GISAGARA - Visiting members of the of the British Conservative Party (CP), led by Member of Parliament, Stephen Crabb, on Monday, donated 300 English language dictionaries to teacher trainees at Save Teacher Training College, in Gisagara District.

GISAGARA - Visiting members of the of the British Conservative Party (CP), led by Member of Parliament, Stephen Crabb, on Monday, donated 300 English language dictionaries to teacher trainees at Save Teacher Training College, in Gisagara District.

The 250 teachers are undertaking a two-week language course to help them improve their English language skills.
Crabb said that the donation was made possible through partnership with the company; PEARSON, one of the biggest publishers in the UK.

He said Project Umubano, which started four years ago, has been very successful in various community development projects in the areas of health and education.

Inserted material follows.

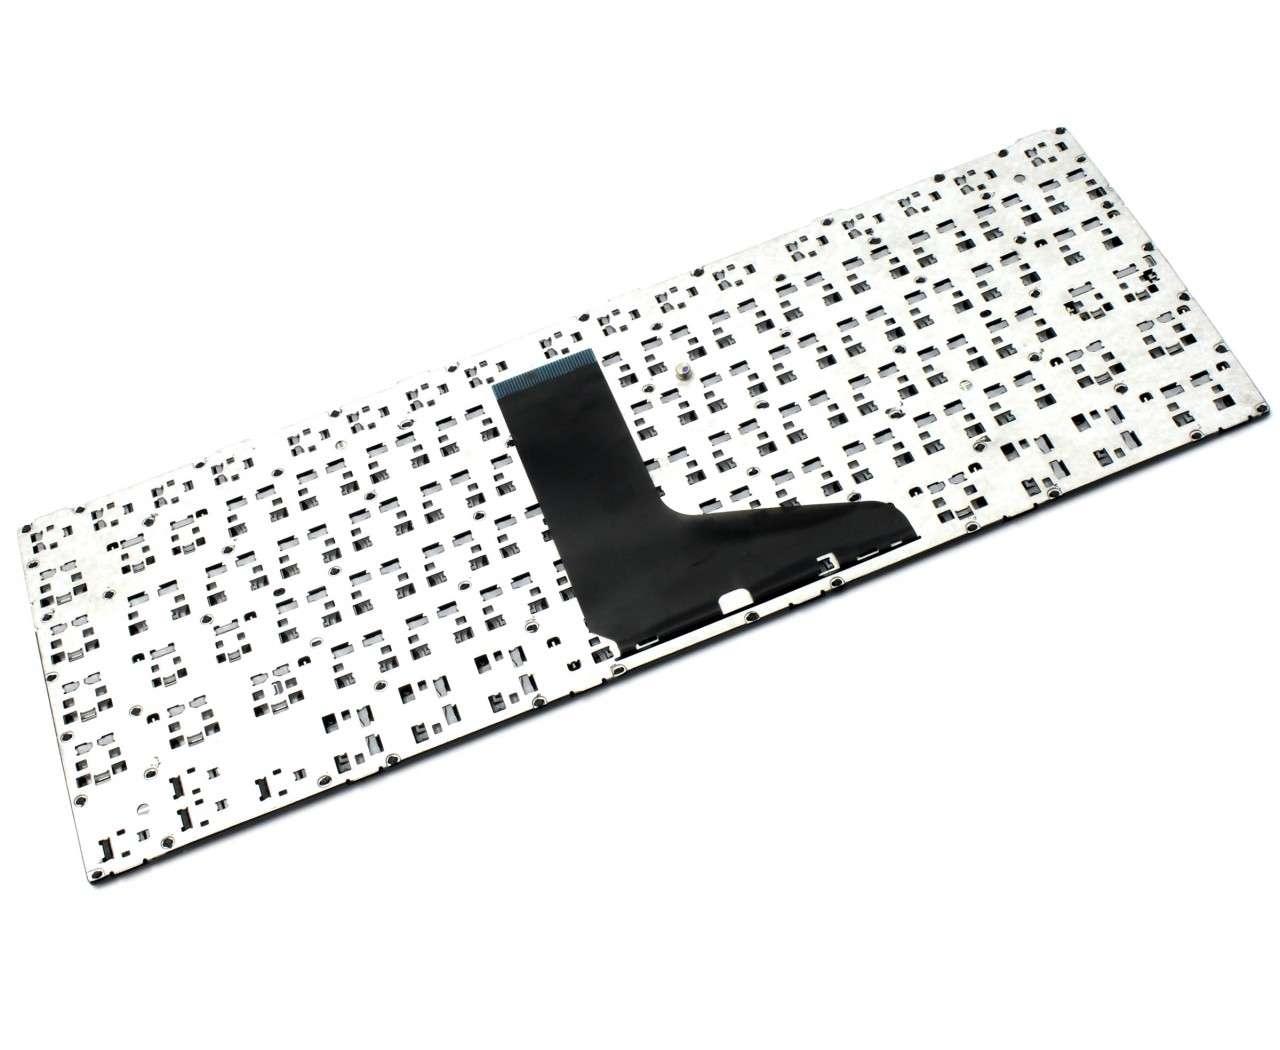 Tastatura Toshiba Satellite L800 imagine powerlaptop.ro 2021

“Every time we come to Rwanda we have a wonderful reception. We have built many friendships across the country,” Crabb said.

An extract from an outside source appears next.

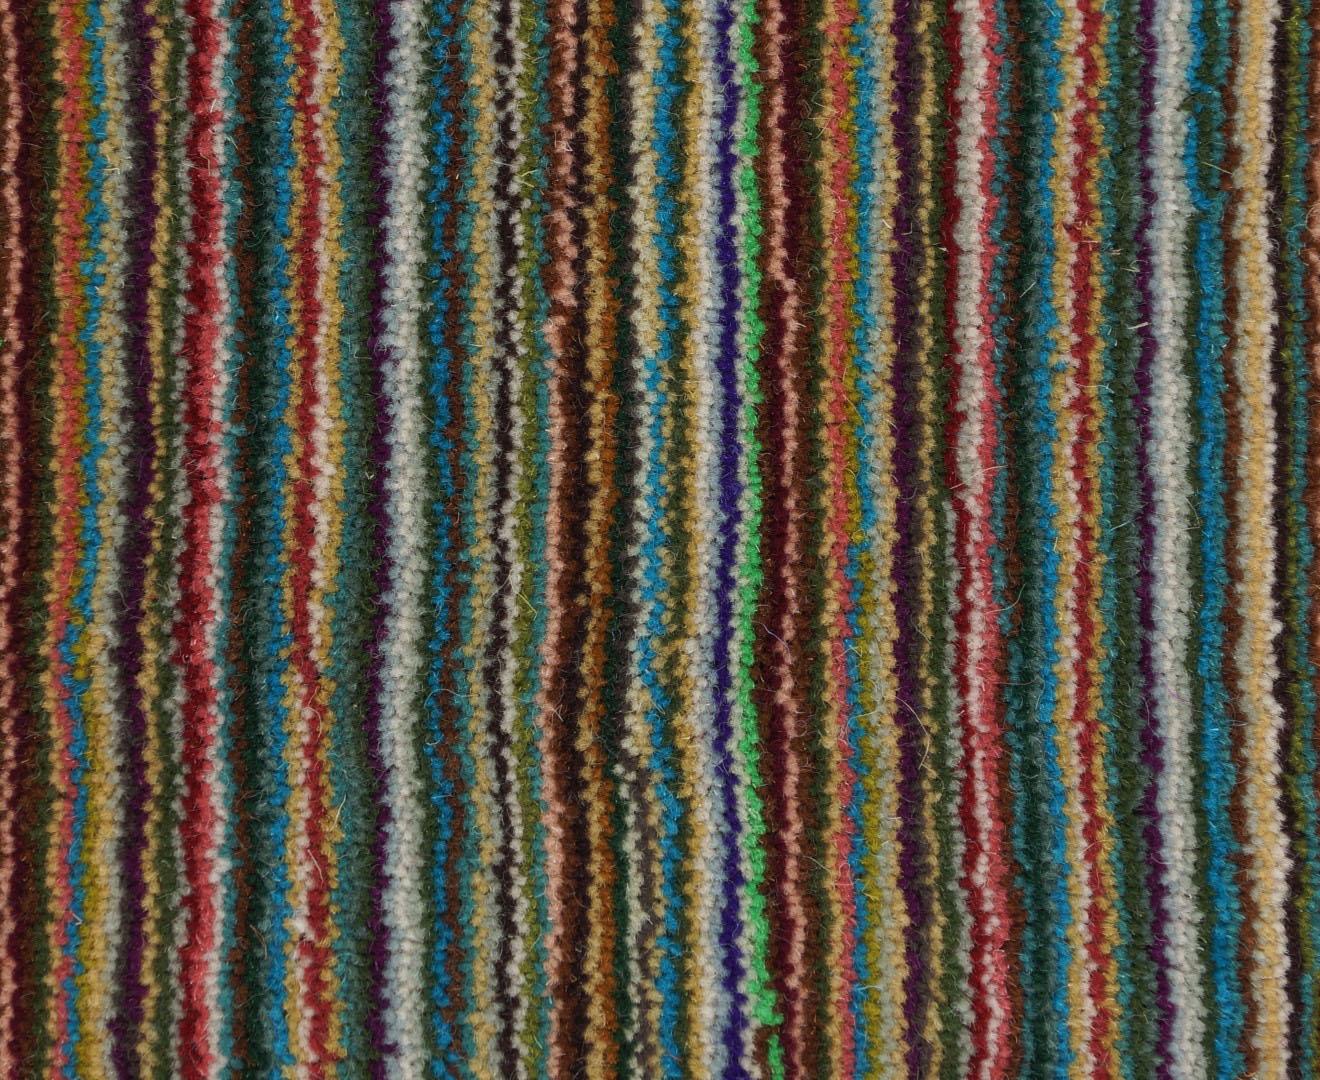 Moquette tiss e 100 laine unie structur e ray e milres azur collection textile dessins for Moquette rayee

He added that the CP team in the country has eight Members of Parliament some of whom have just been elected.

“It is good to have them so that they understand Rwanda’s development and better understand international development,” he said.

Lydie Hakizimana, the Managing Director of DRAKKAR Limited, the representatives of PEARSON in Rwanda, said that a total of 1,300 dictionaries will be distributed in five different centres in the country.

She said that PEARSON was committed to supporting the English language training programme in Rwanda.

“Like the Umubano Project, we are keen on promoting English as a medium of instruction in Rwandan schools, that is why we decided to partner with them by making this donation,” said Hakizimana.

Johnson Ntagaramba, an official from the Teacher Service Commission, said that the training mainly targeted teachers who missed out on the previous training programme because they were involved in the marking of National Examinations.

According to Dr John Simpson, an advisor under the Rwanda English in Action Programme, teachers are faced with a challenge of lack of exposure to spoken English.

“Some know some little grammar and some vocabulary but they lack the confidence to practice English because they are conscious of making mistakes, especially in front of their students,” said Simpson.

“Part of the training is to help them build on that foundation and to give them the confidence to use English,” he added.